Abstract
Security in any organization is a very essential but also consciously risky affair that should be handled with extreme care. There are three main types of security measures namely data, system and network security. Data security measures are necessary for the protection of user as well as administrative data against any unauthorized modification or monitoring system. System security deals with the aspect of ensuring system consistency while network security is developed as a protective measure against any attacks on the network and user device. Computer technology has eased the task of protecting data within organizations but the security must be applied in such a way that system and data security are so strong that any attack towards the same becomes even more expensive and therefore futile. This paper analytically examines traditional security systems such as PIN, passwords and smartcards and also examines how security systems can be enhanced by combining such systems with biometrics security.
Introduction
Through the introduction of the modern computer, the world has experienced a digital revolution whereby volumes of information are processed, stored, expresses and communicated in digital form. This digital revolution was greatly propelled by the increased popularity of the internet and enhanced further by the instant messaging system that works through mobile networks. The trend is becoming more advanced with the introduction of cable TV services that enable viewers to interact through their televisions. Mobile telephone services are also getting more advanced and various devices have been customized and made flexible to accommodate more complicated services such as downloading of packages onto the phone. But each new trend in the world of communication brings along new and also more complicated potential threats such that communications security cannot remain stagnant and has to keep improving over time (Mezgar, 2006, p.351).

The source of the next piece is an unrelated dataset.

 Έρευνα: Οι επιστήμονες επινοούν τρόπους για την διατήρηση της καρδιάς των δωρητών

Biometric security used with smartcard with PIN
Personal Identification Numbers (PINs) and Passwords are the most common methods of authentication that are used in enhancing network security and which should theoretically remain a secret to the user. But though very common, the use of PIN and passwords is the least secure and probably also the lowest form of authentication. When accessing a network or a computer, the first level of security that a user encounters is usually the password security. This type of security is normally used in combination with user ID or a PIN number to enable the said user have access to a network or to some extent allow him/her to access vital information such as the user’s bank account. At this point, many organizations fail in securing their own security details. This is because authentication of a user to a network is rarely monitored and often times, there is little or no further authentication and the user is left free to do whatever they are supposed to do (Wells 2007, p.72-73).

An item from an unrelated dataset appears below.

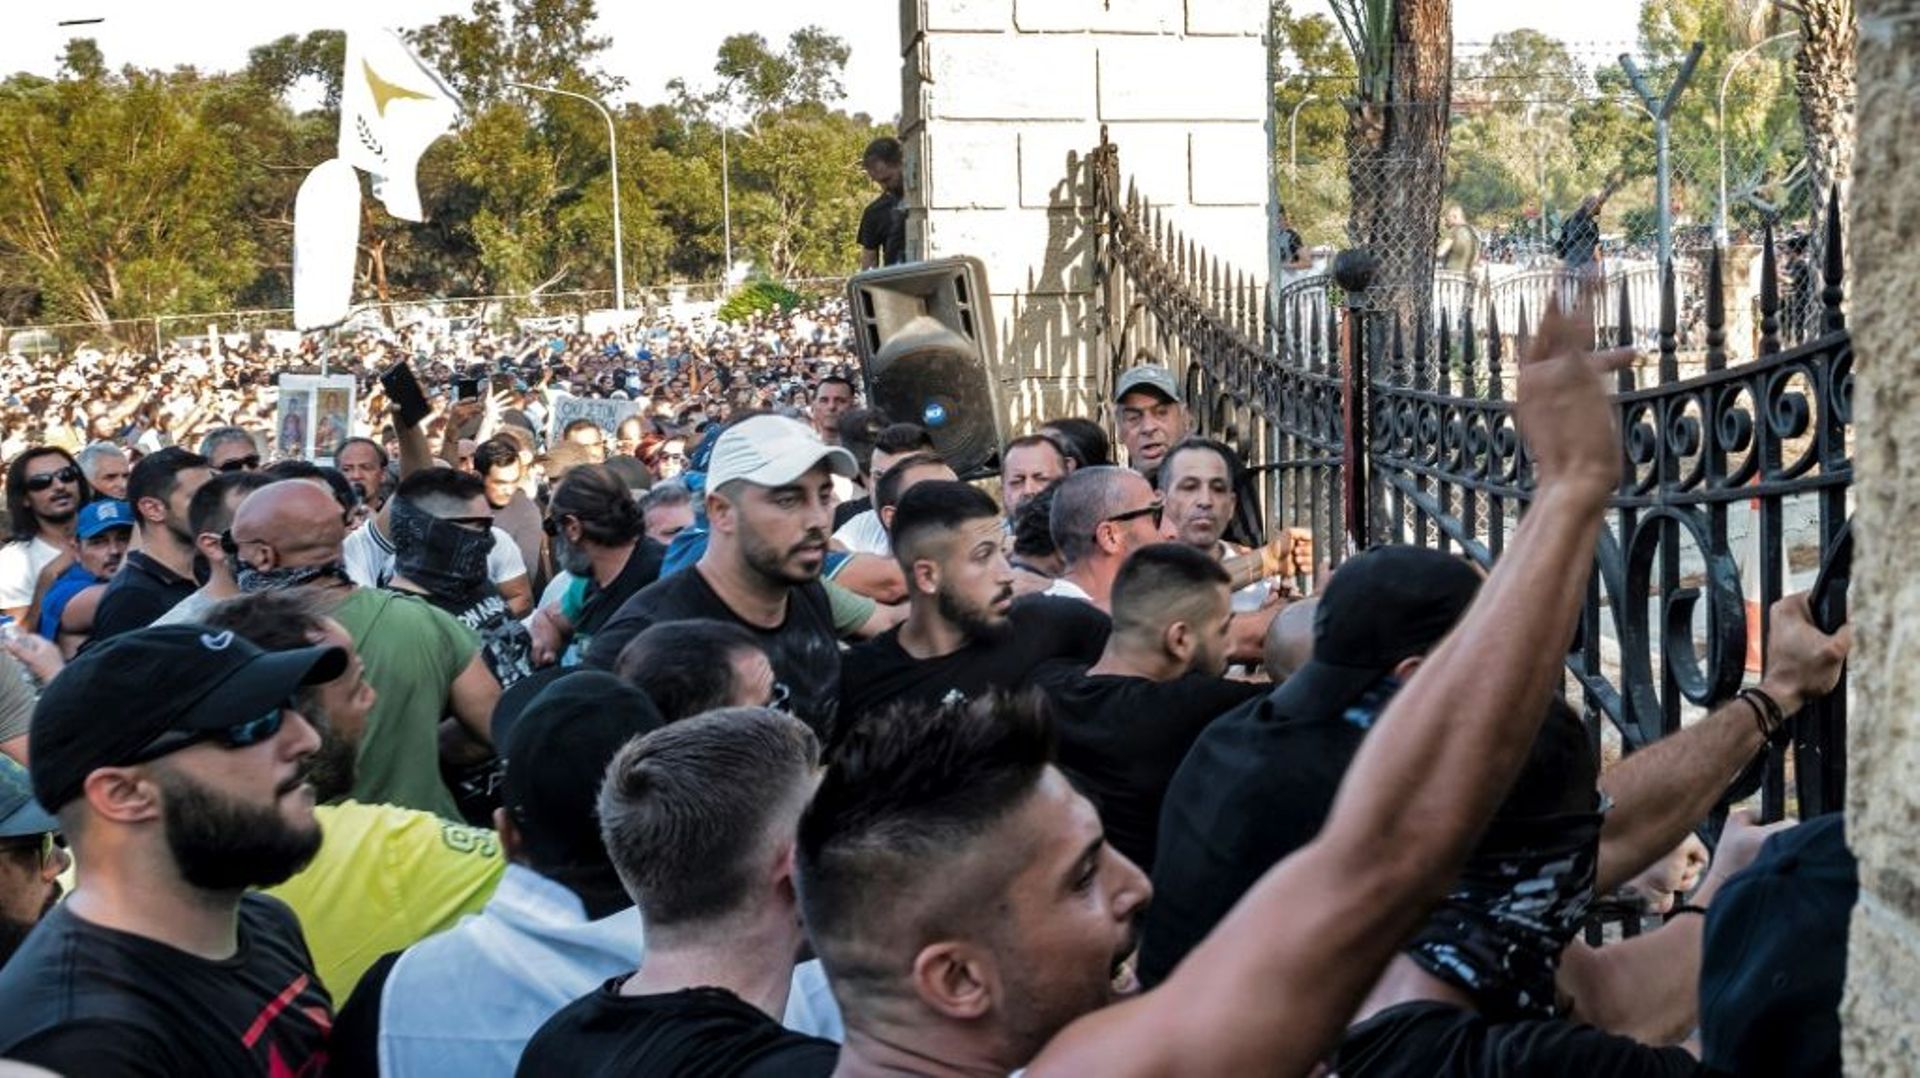 Des manifestants contre les restrictions liées à l’épidémie de Covid-19 sont rassemblés devant les grilles du palais présidentiel le 18 juillet 2021 à Nicosie

Most security systems have continually relied upon the PIN, passwords or cards, or a combination of these methods. But there are disadvantages to each of these systems. Both PIN and card can be lost or stolen, either separately or together especially in cases where users store their PIN together with a written password of the same. Passwords are also easily compromised because most users tend to use weak passwords such as anniversary dates, familiar names of spouses or children, or even guessed sets of numbers. However, there are some security models that require very strong passwords often with a pre-set expiry date, and which may prove difficult for an intruder to guess. But even strong passwords can become a security issue especially where users create very reliable passwords but out of ignorance stick the password on the bottom side of the keyboard or monitor. A user may also have been assigned a long and complicated password and resolves to write it down in order to avoid any instance of forgetting. People also have the tendency of voluntarily revealing their passwords to other people who may in turn take advantage and access very personal information or data (Reuvid and Ollington, 2004, p.119; Wells, 2007, p.73).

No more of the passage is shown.